Inference is different.

During autoregressive decoding, the query is short, often a single token. The key-value cache is long, tens of thousands of tokens. The attention kernel needs to match a tiny query against a massive KV cache. Most GPU streaming multiprocessors sit idle. In the worst case, up to 75% of them do nothing while a few handle the work.

Modal's engineering team (Charles Frye, Timothy Feng, David Wang) targeted this gap. They made three changes to FlashAttention-4's CUDA implementation that improve inference throughput by up to 4.37x. The changes are in the open-source repository as pull requests: already merged into main.

## 1. Split KV parallelism (PR 1940): up to 4.37x

The original FlashAttention-4 parallelizes across query tiles. For training with full sequences, this works well: there are many query tiles to distribute across SMs.

For inference with a single query token, there's one query tile. One tile, hundreds of SMs. Most sit idle.

The fix: parallelize across the **KV dimension** instead. Split the KV cache into chunks, assign each chunk to a different thread block, compute partial attention for each chunk, then combine the results with a separate reduction kernel (`flash_fwd_combine`).

| KV splits | Memory throughput (TB/s) |
|-----------|-------------------------|
| 1 (baseline) | 0.83 |
| 2 | 2.65 |
| 4 | 4.30 |
| 8 | 4.27 |
| 16 | 4.22 |
| 32 | 4.37 |
| 64 | 4.17 |

The sweet spot is 4-32 splits, shipping 4.22-4.37 TB/s vs 0.83 TB/s baseline: a 4.37x improvement at best. Beyond 32 splits, the reduction kernel overhead starts eating into gains.

This technique is called Flash-Decoding, originally developed for FlashAttention-2. Modal ported it to FA4 with a `num_splits` argument. The implementation is clean: multiple CTAs work per query tile, each on a portion of the sequence, with a separate combine step.

## 2. FP8 input support (PR 2109): up to 1.16x

FlashAttention-4 was designed for BF16 inputs. Modal added support for FP8 (`e4m3` or `e5m2` format), reducing memory and arithmetic bandwidth demand by 2x versus BF16.
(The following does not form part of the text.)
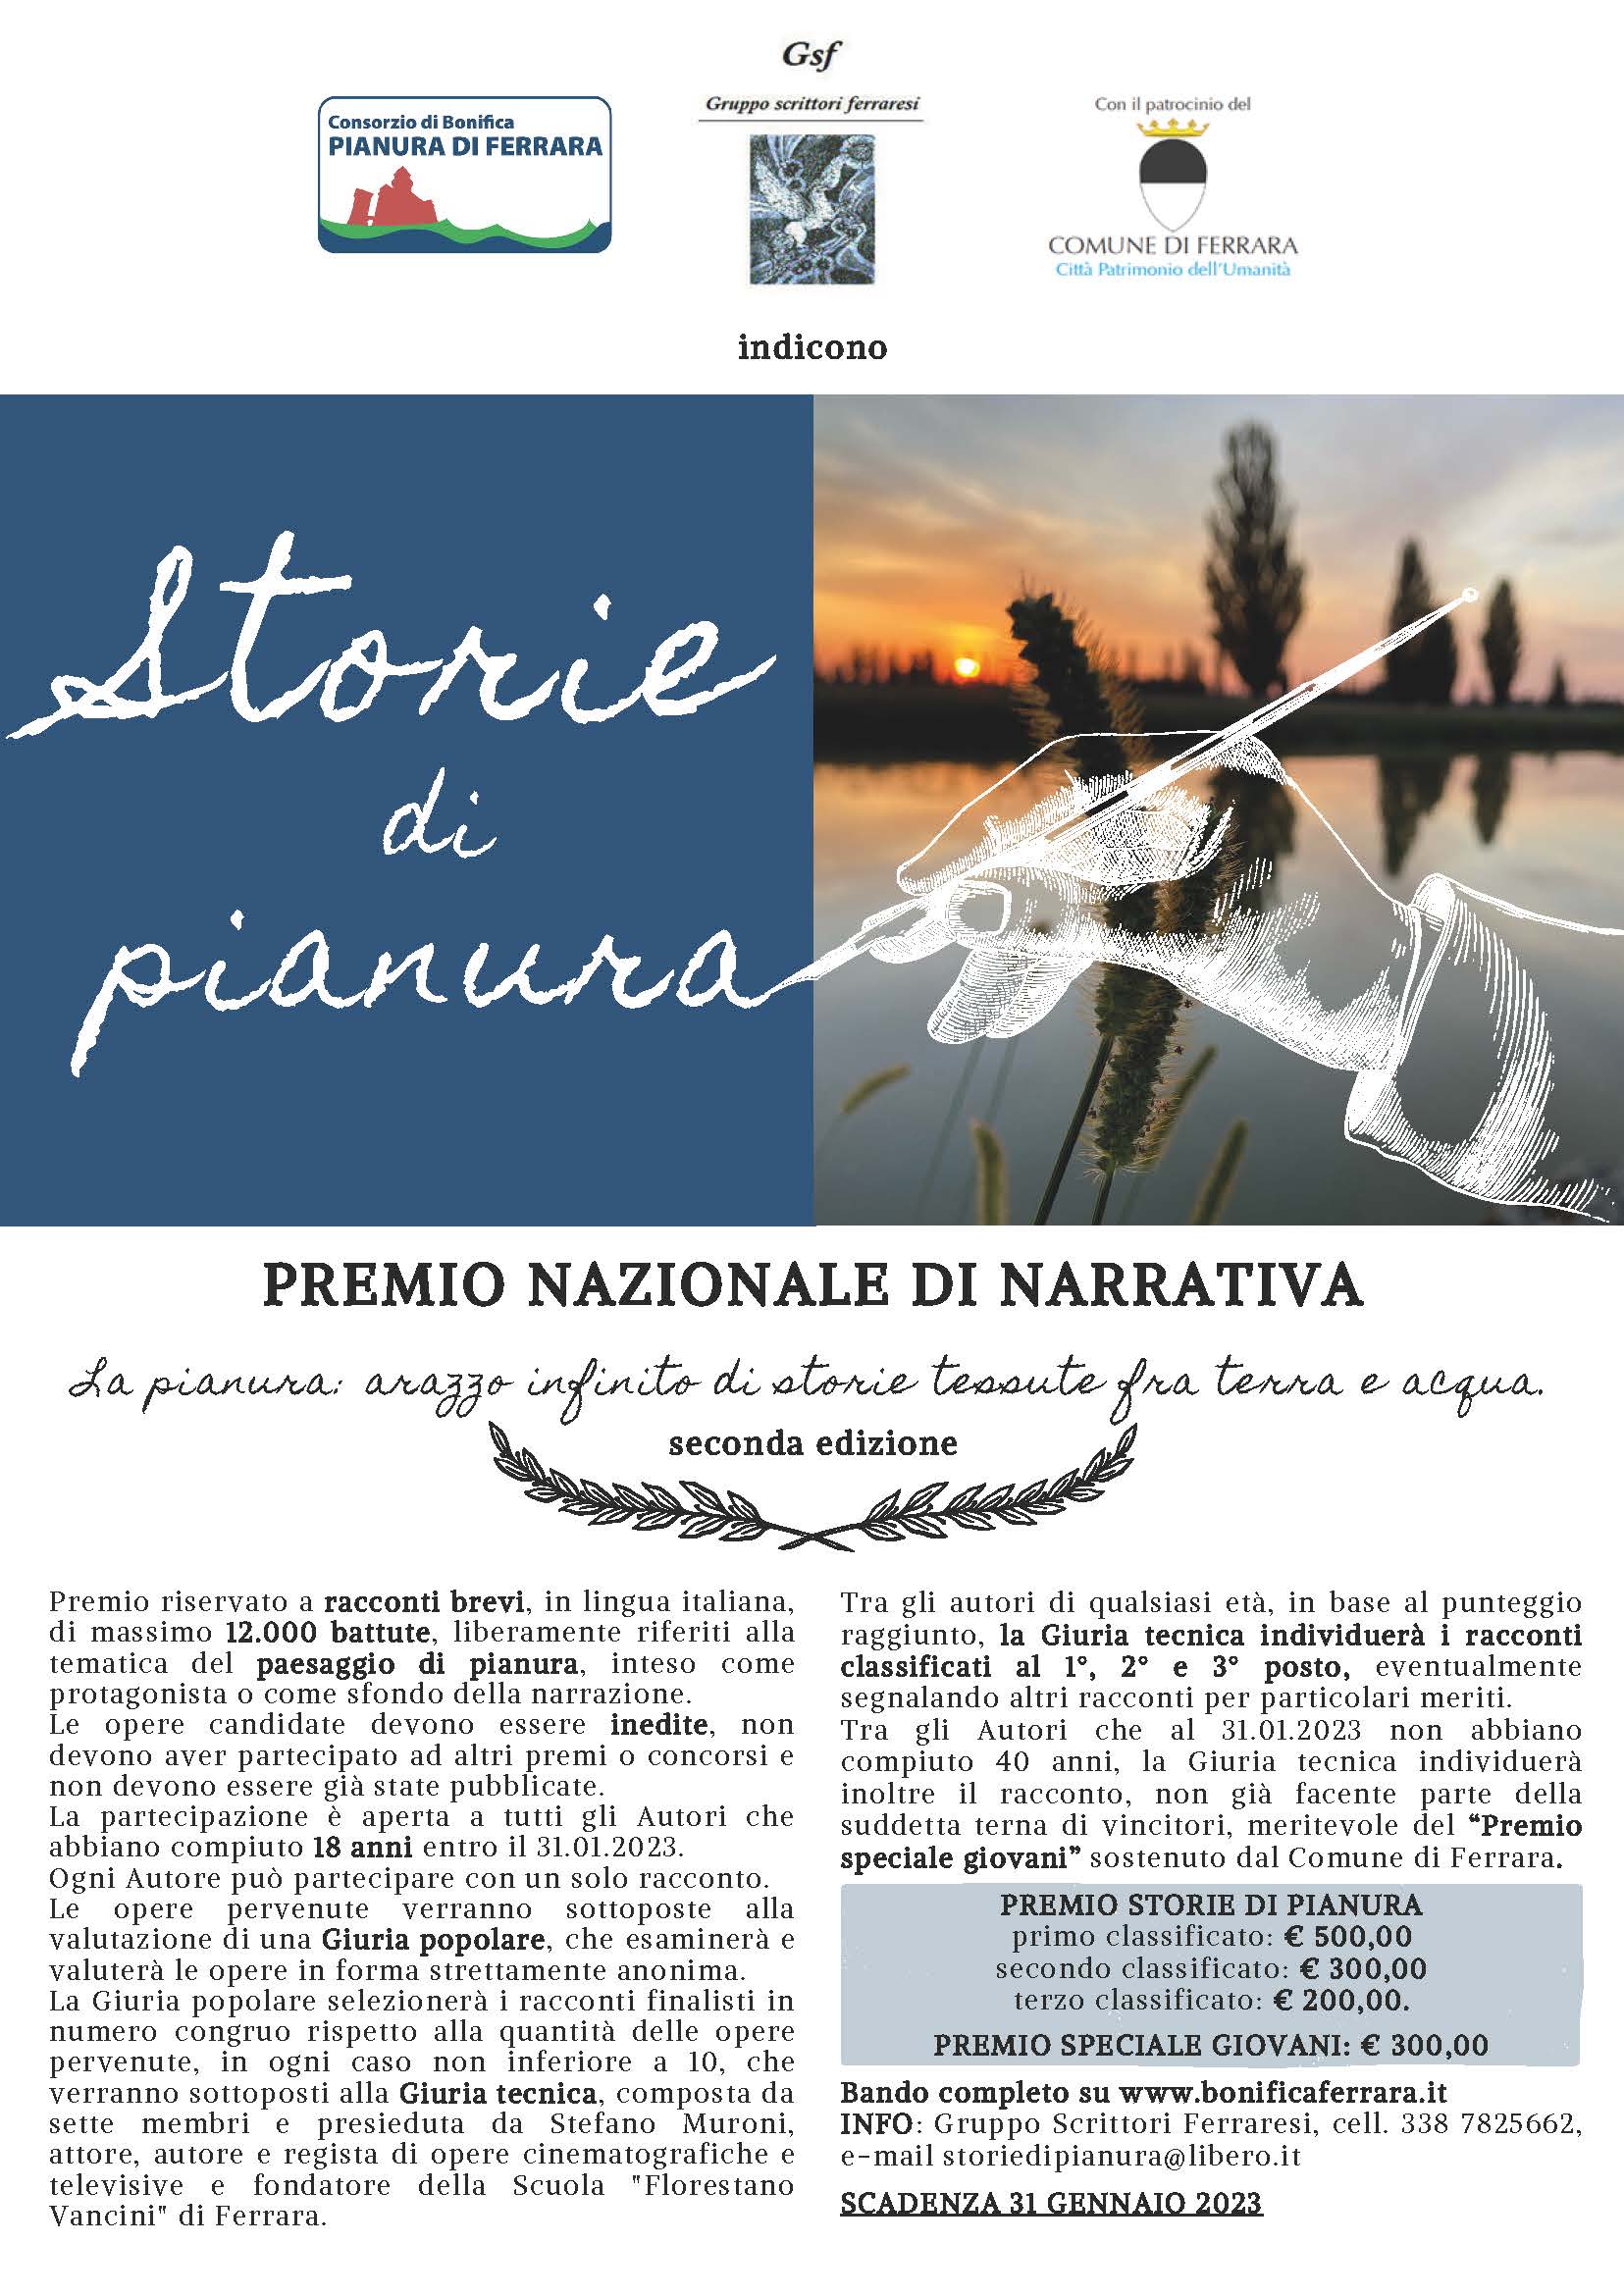 Al via la seconda edizione del Premio nazionale di narrativa "Storie di Pianura"

| Batch / Seq Len | BF16 TFLOP/s | FP8 TFLOP/s | Speedup |
|-----------------|-------------|-------------|---------|
| 1 / 16384 | 1569 | 1818 | 1.13x |
| 32 / 512 | 962 | 1090 | 1.16x |

The speedup is less than 2x because softmax still runs at higher precision on CUDA cores while Tensor Cores handle the low-precision computation. But 1.13-1.16x is meaningful: and it comes with an additional benefit: **smaller KV caches**.
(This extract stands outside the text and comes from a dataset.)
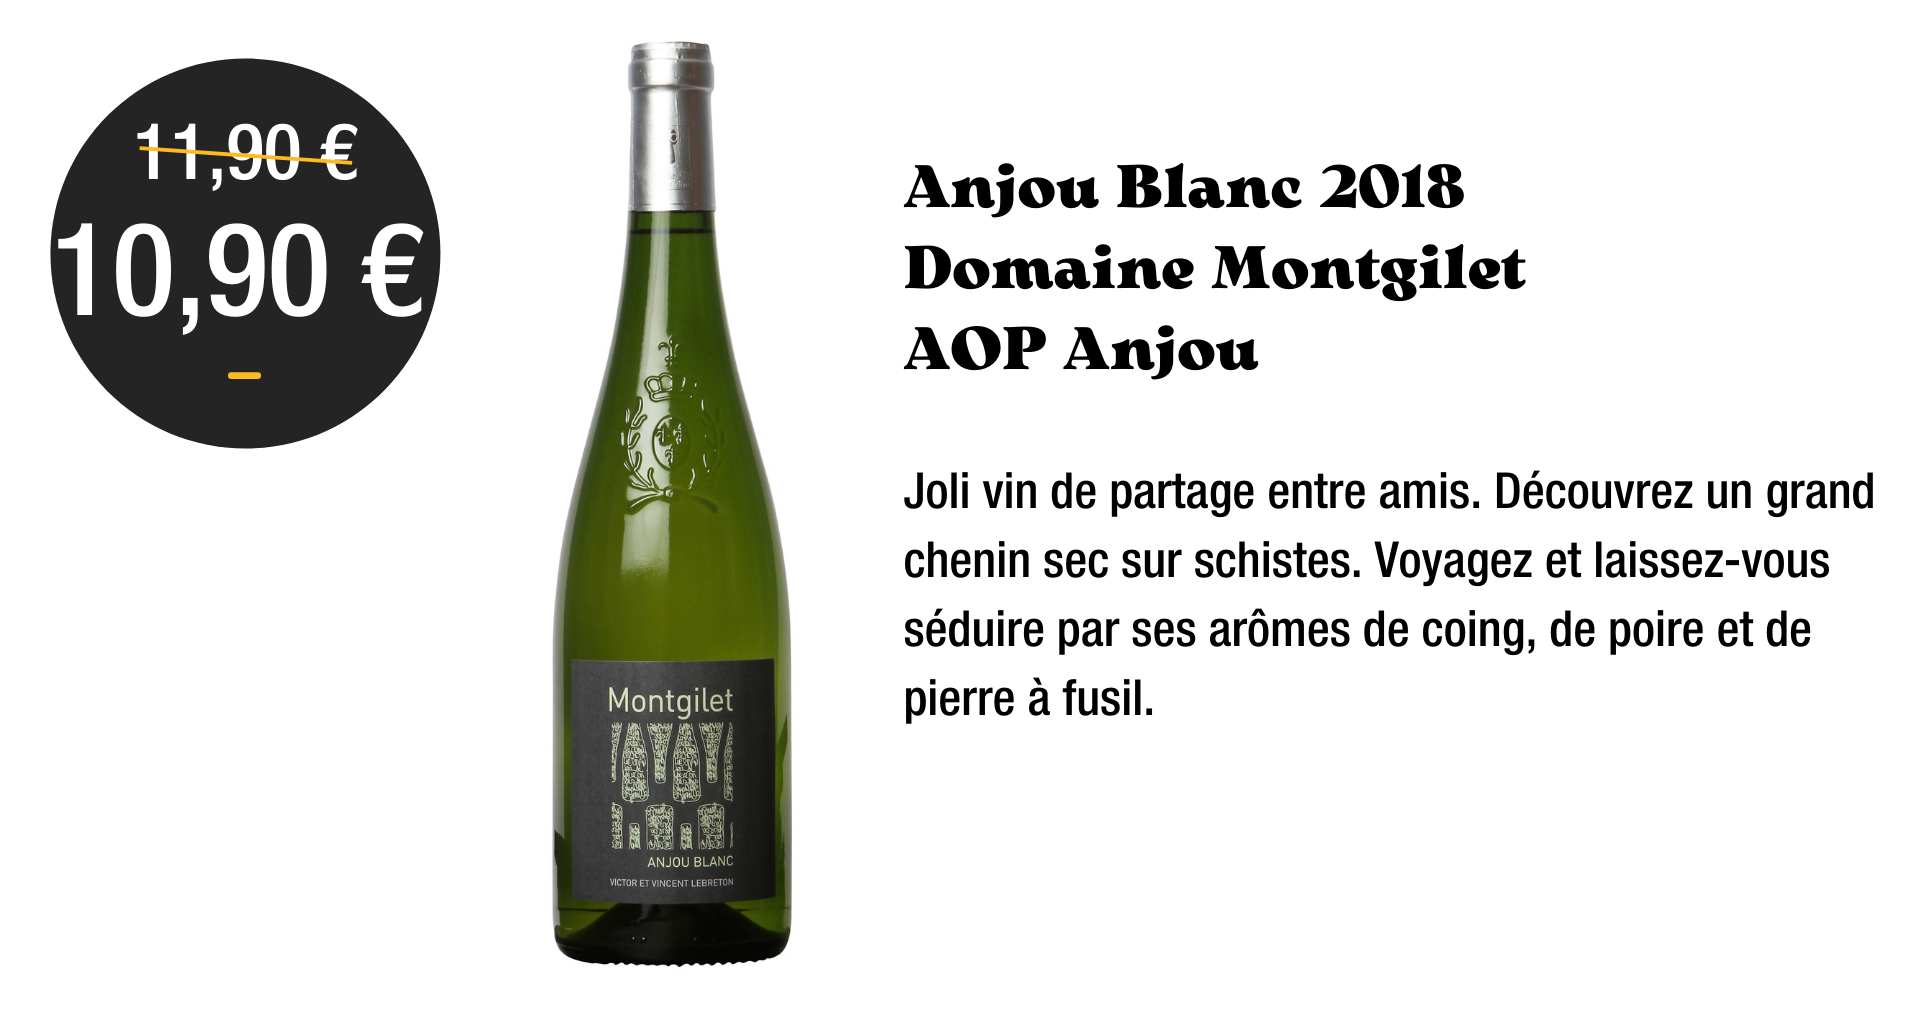 Anjou Blanc 2018

FP8 KV caches use half the memory of BF16 caches. This means longer context windows or higher batch concurrency for the same memory budget. For inference serving, memory is often the bottleneck. FP8 gives you headroom on both throughput and capacity.

## 3. Arbitrary KV page sizes (PR 1999 + PR 2104): up to 2.40x

This is the most technically interesting change.

The original FlashAttention-4 required KV cache page size to equal tile size, because TMA (Tensor Memory Accelerator) loads require large, affine memory accesses. This is fine for training but causes fragmentation in inference: especially for speculative decoding with short sequences.

Modal's PagedKVManager path uses `cp.async` (without TMA) to support arbitrary page sizes. Early performance was poor for small pages (18.56 TFLOP/s at page_size=1). The fix was a clever **transpose strategy** that decouples address generation from address use:

Instead of each thread computing its own pointer (redundant int64 computation), organize 32 threads in a warp as 4x8 groups. Threads in a column compute sequential row pointers and shuffle the results across the warp. Cross-thread warp shuffle is cheaper than redundant pointer math.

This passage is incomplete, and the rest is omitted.